Instead of reducing the precision of model parameters, Pruning outright removes unnecessary weights, thus minimizing the base model’s size. Pruning’s response-quality-degradation risks are intuitive, since the removed weights may be valuable towards processing an inputted prompt. However, if done carefully, Pruning seeks only to remove parameters irrelevant towards the prompts a model will receive (assuming the Orchestration layer successfully routes prompts that said pruned model can handle).

Palettization, inspired by an artist’s palette, involves mapping many similar weights onto a single parameter, thus reducing the total number of weights in a model without significantly affecting output responses. Although the grouped weights are often near indistinguishable in practice, this technique can nevertheless lead to a loss in precision and accuracy.

Server Models

If a user’s inputted query cannot be acceptably processed by its on-device models, Apple Intelligence’s Orchestrator can alternatively route requests to its Server models, which Apple calls “Private Cloud Compute”. Note that these models are hosted on the cloud (and thus not Edge Computing), but provide similar benefits to Edge Computing due to Apple’s emphasis on privacy and security.

By running proprietary AI models on their own servers, Apple retains more control than when requests are routed to third-party servers and models. As a result, it is likely that Apple Intelligence’s Server models result in improved performance/latency, privacy/security, model size, and compute costs (versus third-party infrastructure). Apple has publicly emphasized the importance of privacy and security within its Gen AI implementation, going as far as to pay up to $1 million to anyone who can hack into their servers.

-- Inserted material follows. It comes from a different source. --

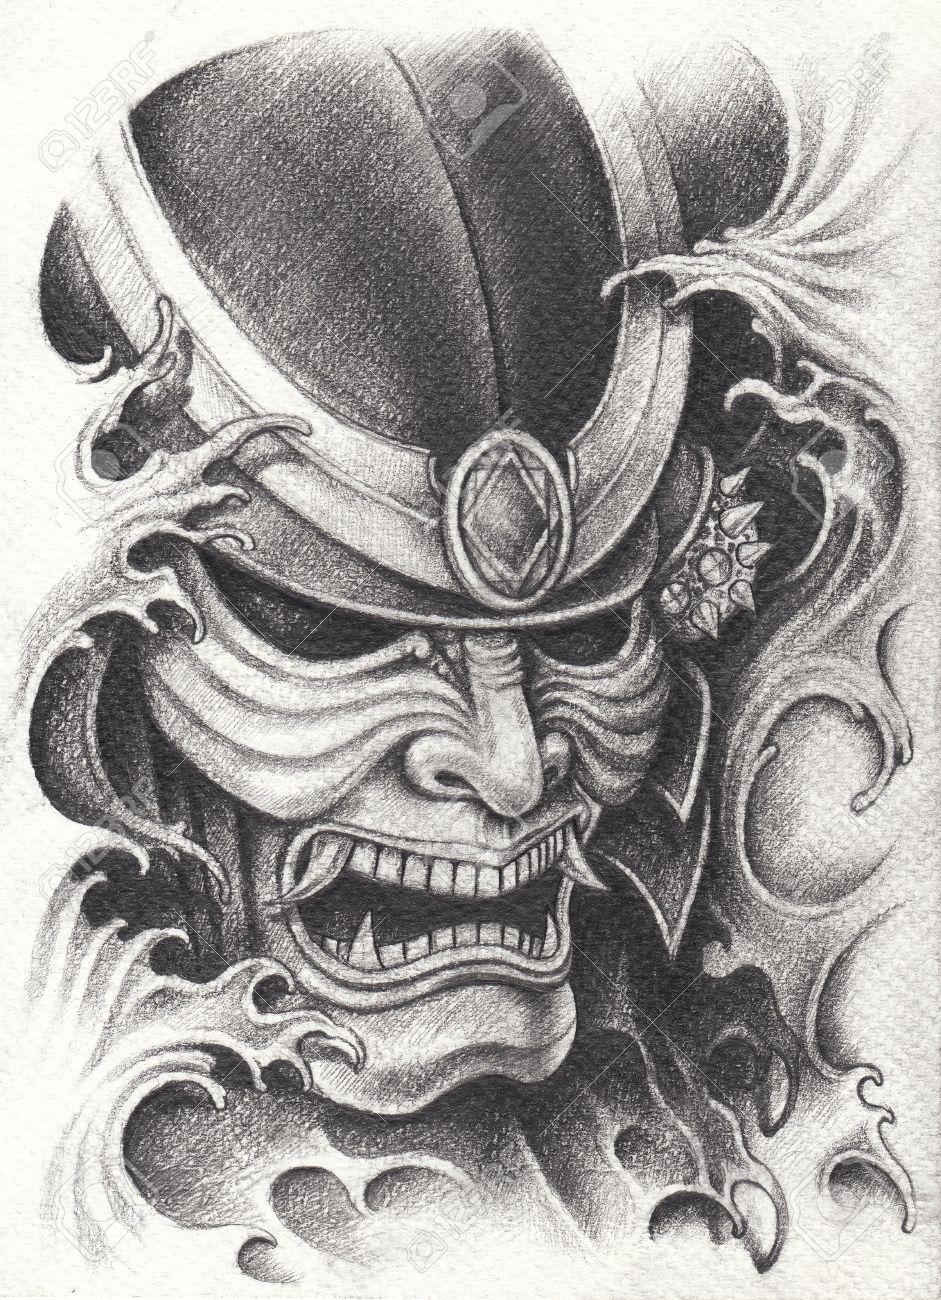 Diseño Del Tatuaje Del Guerrero Del Samurai Dibujo De Lápiz De Mano
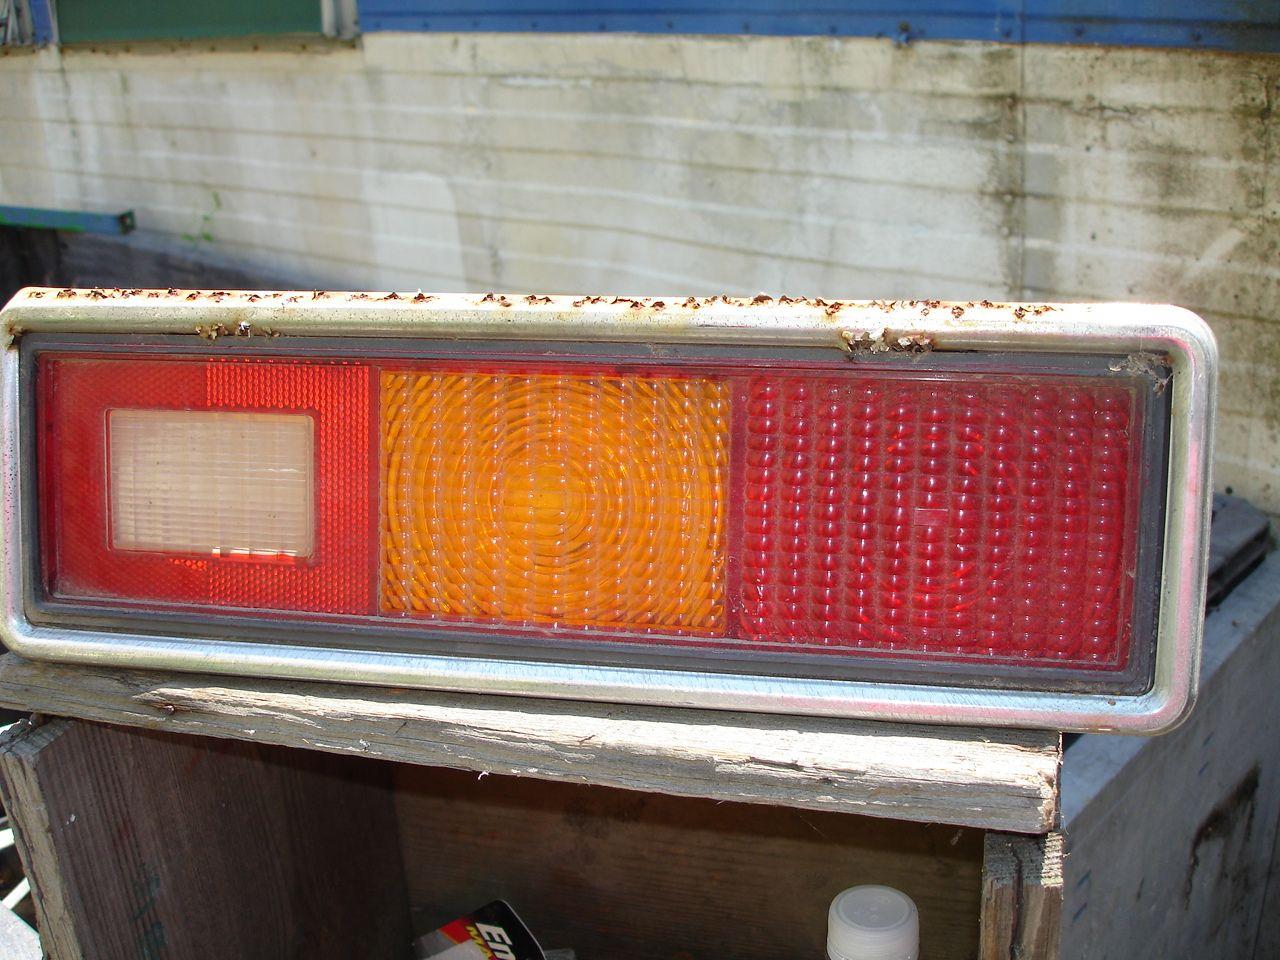 1976 1979 Chevrolet Chevette Acadian Rr Taillight Wiring Diagram

Since this is an Apple-specific implementation, this overview is partially speculatory. Latency may be reduced due to two factors: The use of Apple Silicon and less server traffic. Apple’s proprietary chips, called Apple Silicon, power its Server models. As a result, this tight ecosystem integration likely optimizes performance. Additionally, while Apple devices are highly-used, ideally most requests can be handled by its on-device models. Thus, the overall volume of queries routed to the company’s servers may be smaller than the total amount of Gen AI traffic going to third-party infrastructures.

Regarding Apple’s server models’ sizes and compute costs, third-party models are expected to reach an Acceptability Threshold for as many inputted prompts as possible. Conversely, Apple’s Server models are only routed towards if on-device models are not suitable. As a result, these models can be compressed accordingly. Notably, Apple’s Server models also leverage LoRa, further compressing them (and thus minimizing compute costs). In addition to optimizing performance, Apple’s tightly-coupled infrastructure likely introduces model-size and compute-cost improvements, as well. For a full overview on Apple’s Server models, reference this article.

However, Apple’s Private Cloud Compute comes with limitations. Its models, while capable, do not produce cutting-edge response quality (both due to competitors’ excellence in research and infrastructure, as well as its privacy-emphasis likely being at the expense of response optimizations). Thus, if its Server models cannot reach an inputted prompt’s Acceptability Threshold, Apple enables prompts to be routed to various third-party models as a final fallback.

World Models

When necessary to reach an Acceptability Threshold (and when enabled by users), Apple Intelligence’s Orchestration Layer can route queries to various third-party models hosted on third-party servers, such as OpenAI’s GPT. While this integration is currently free, Apple may leverage certain World Models features as one of their “Services” SKUs, charging users a monthly cost to gain revenue and offset their marginal compute costs.

These models are generally optimized for response quality among all possible user prompts. As a result, their Acceptability Thresholds are above that of Apple’s on-device and Server models. Still, as outlined above, World Models have significant drawbacks around performance/latency, privacy/security, and model-size/compute-costs. Therefore, Apple Intelligence only leverages these models as a fallback option to their proprietary Gen AI solutions.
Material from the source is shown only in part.